3. Lord of the Flies by William Golding
Genre – Fiction

I was genuinely surprised to see that there was no cannibalism that took place in this book. There isn’t, though. Spoiler alert! Many media I adore were inspired by this book, and I feel subconsciously it was sort of destined to be a book that chimes with my nature. I read this twice and even watched both of the films and still can’t quite form what I want to say about it. Indeed, it’s like trying to describe what your soul looks like to a stranger.

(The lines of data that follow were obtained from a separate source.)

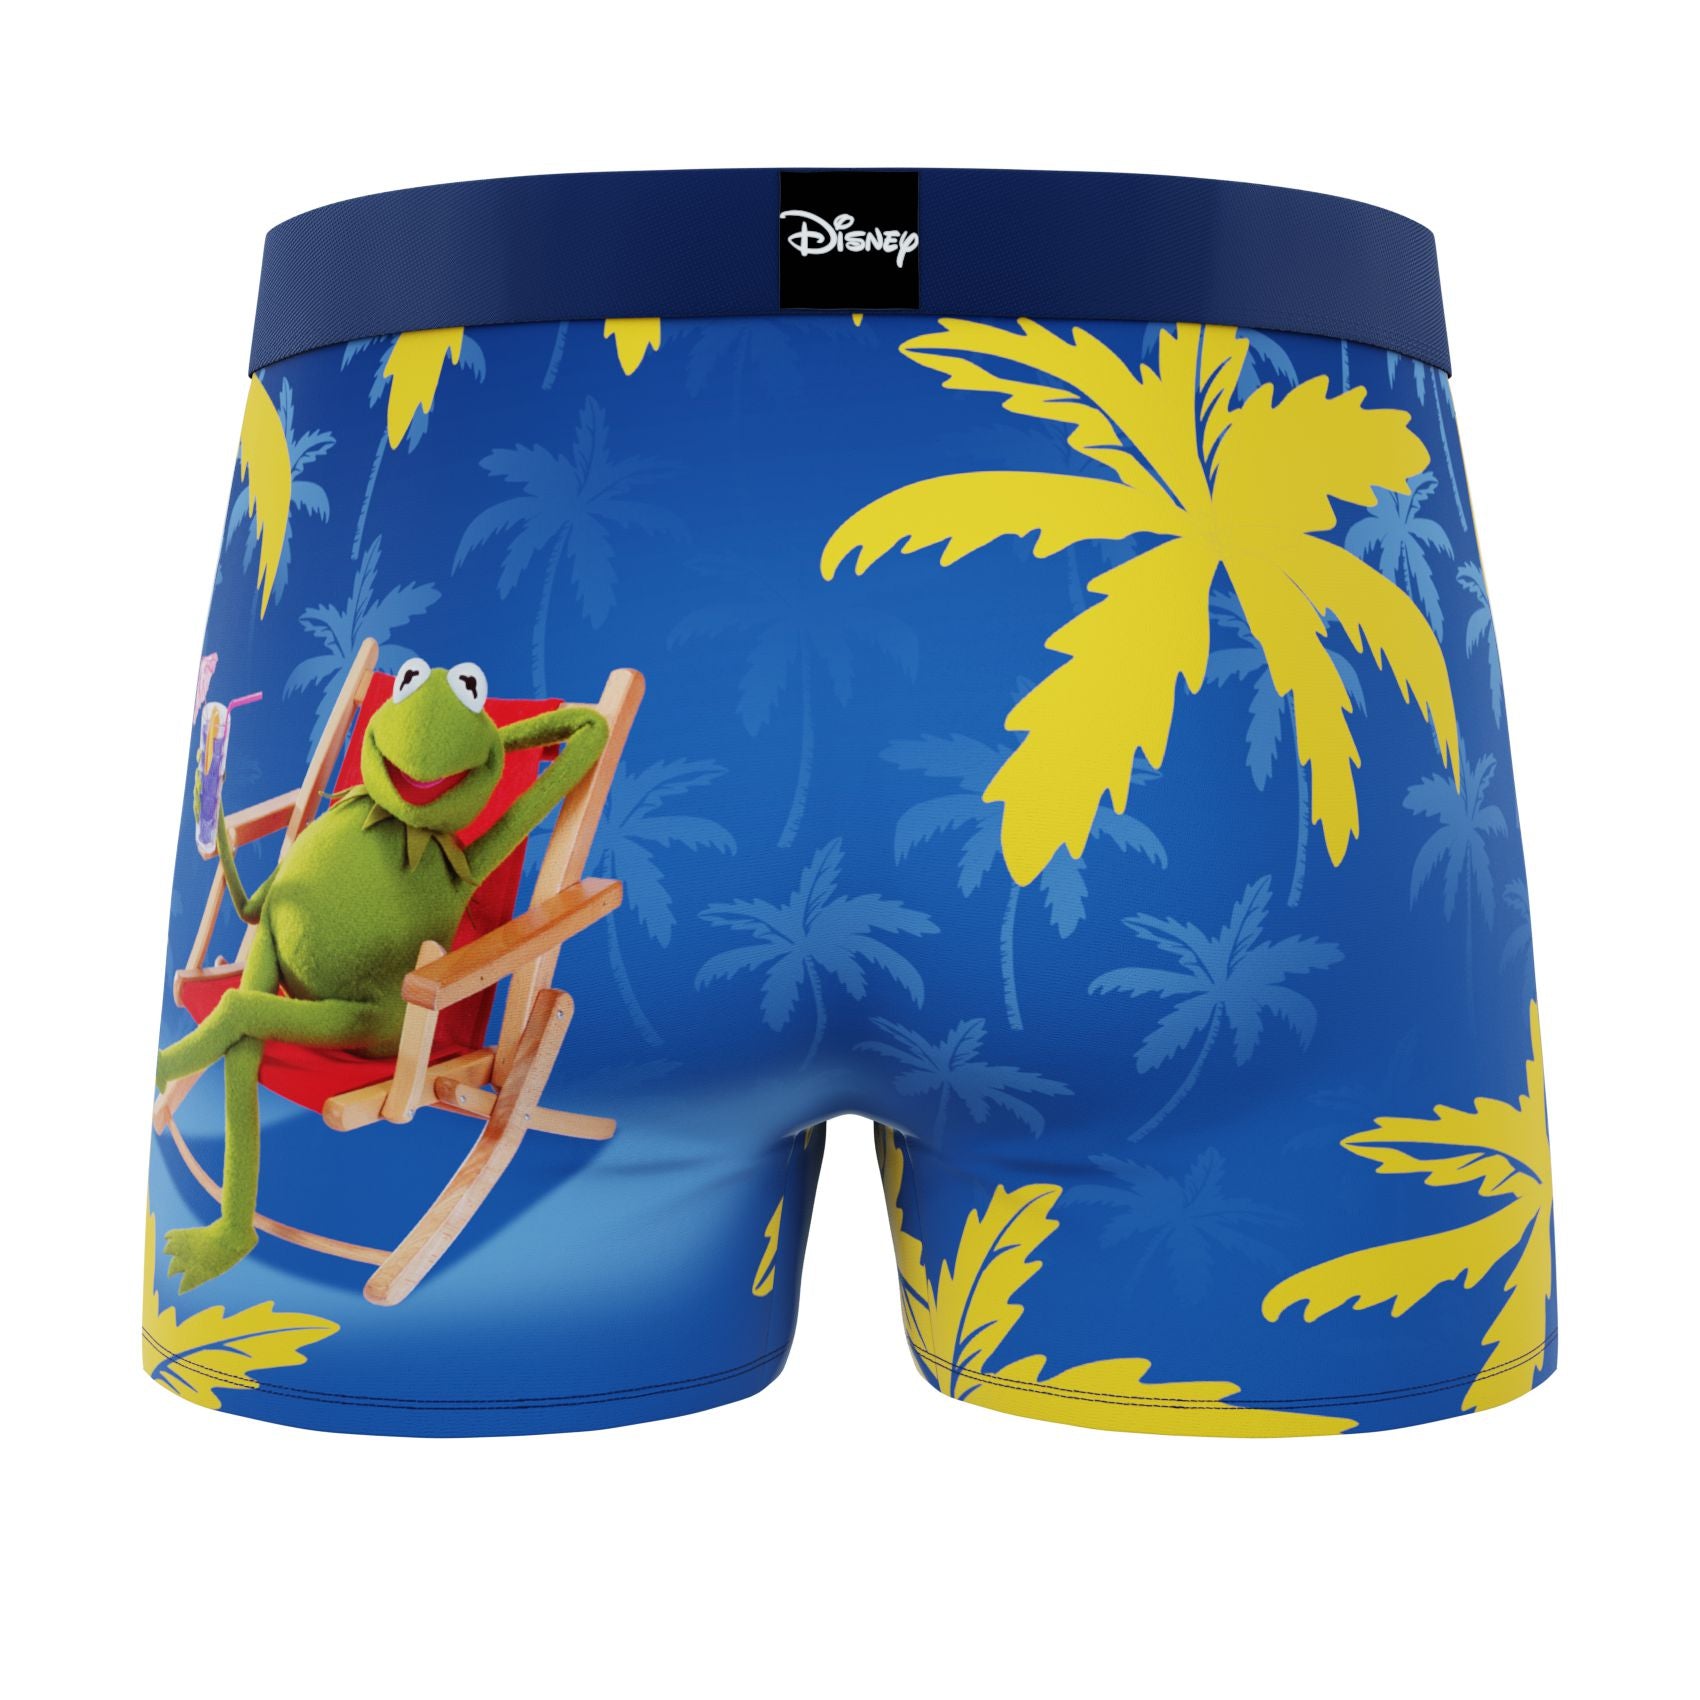 CRAZYBOXER Toy Story All Characters Men's Boxer Briefs
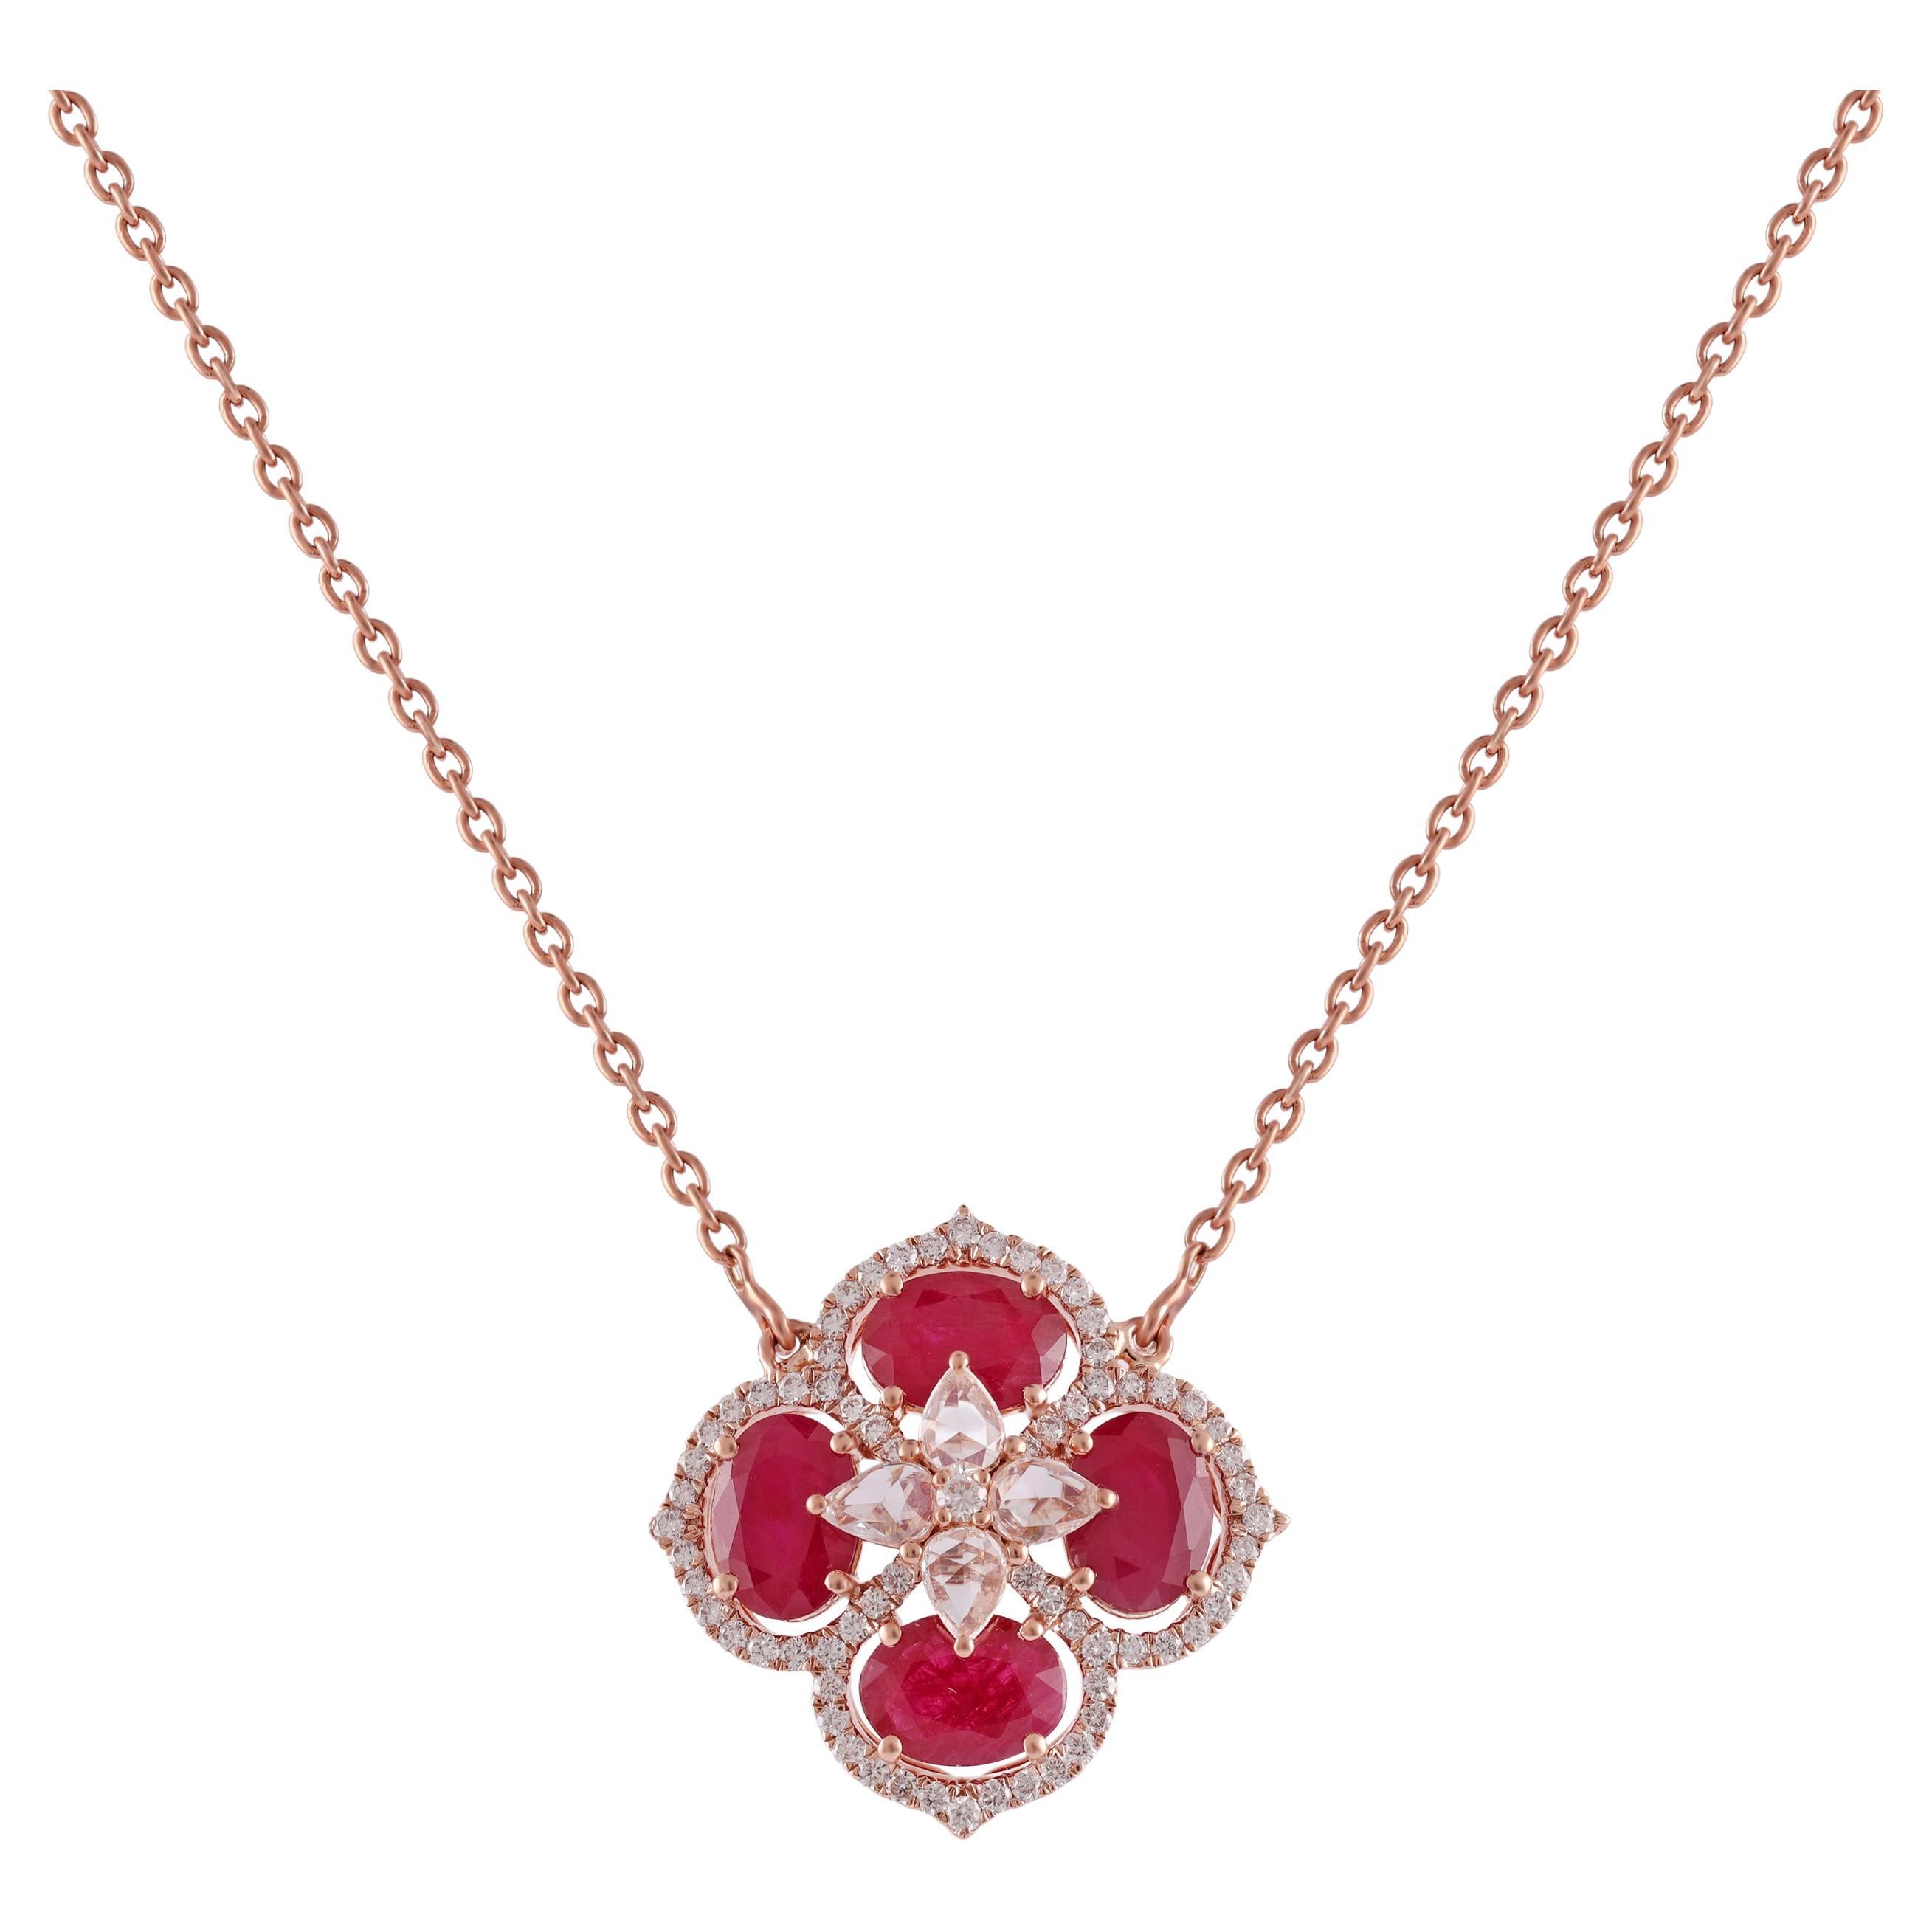  Oval Cut Ruby Pendant Necklace in 18 Karat Gold with Diamond
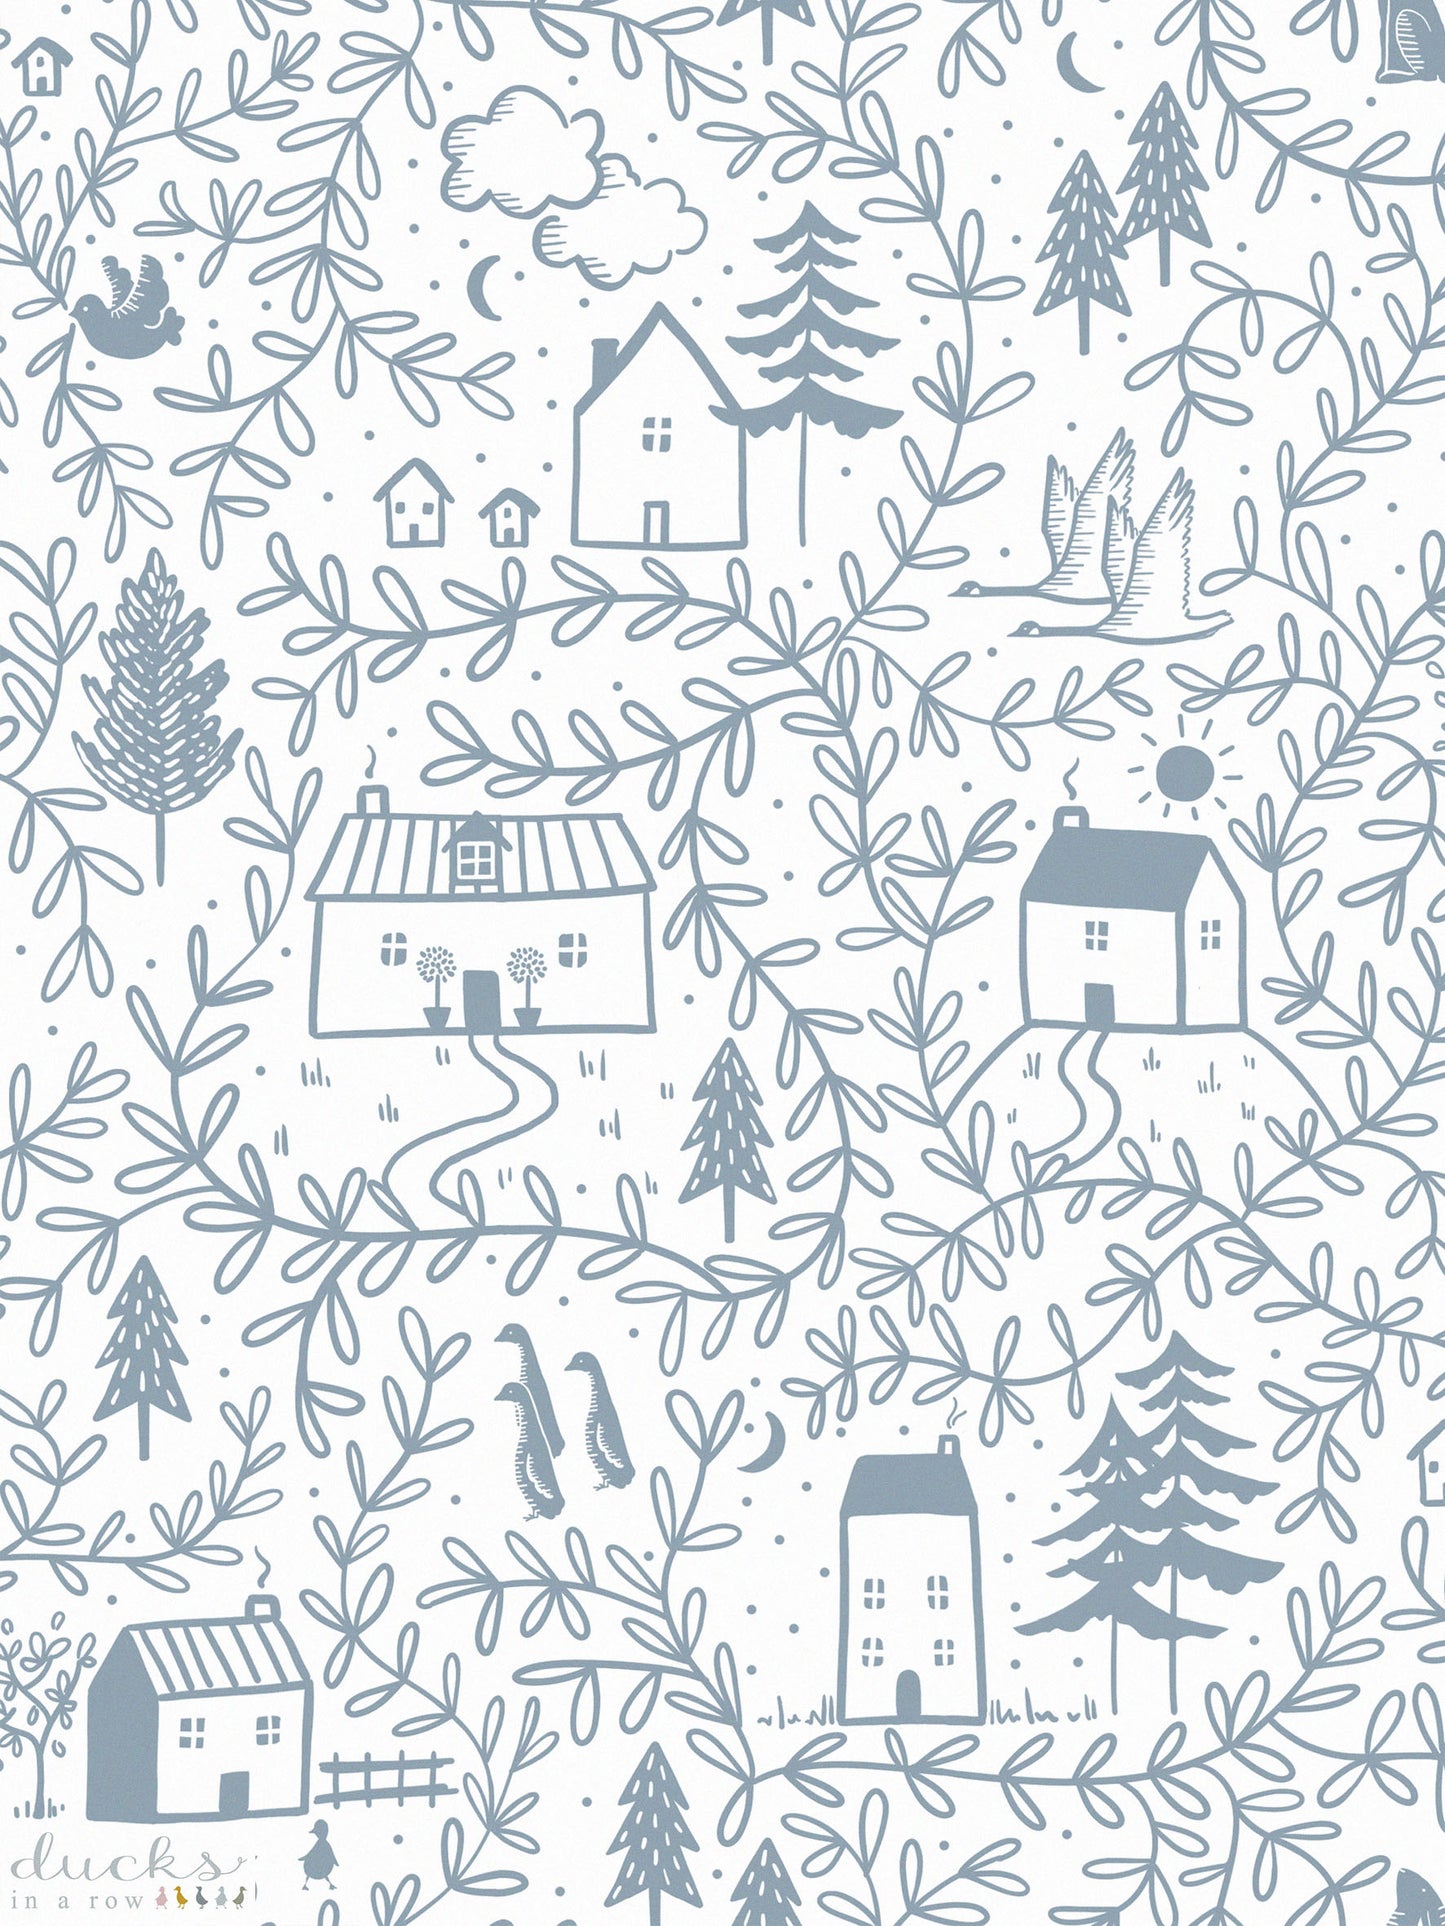 Luxury Children's wallpaper featuring cottages, trees, sunshine, ducks, geese and more

2. Nothing is Strange by Mike Russell
Genre – Fantasy / Magic Realism

Nothing is Strange is one of the most fun, genuinely entertaining books I’ve read in a long time. It doesn’t take itself too seriously yet manages to be incredibly insightful to the oddities of the human condition while also being just insanely creative. There are no limits with this one. As far as books that are written to mimic the beauty of lucid dreams, Nothing is Strange might be the best one. I also recommend its sort-of-sequel, Strange Secrets.
[Read my full review of this book here.]

1. Perfect Blue – Complete Metamorphosis by Yoshikazu Takeuchi
Genre – Horror / Thriller

Perfect Blue and its peculiar sequel do not seem to be widely liked, except by me. I would go so far as to say the first book is amongst my all-time favourites. I think it is poetically bizarre, grotesque and discomforting in all the ways that click with me, but more than that it is ridiculously relevant in this age, and it will continue to be until fame no longer transforms a human into an object or a collectible, which I’m afraid will probably never happen. The symbiotic relationship of a creator and fan when it goes… strange, is something that fascinates me a lot.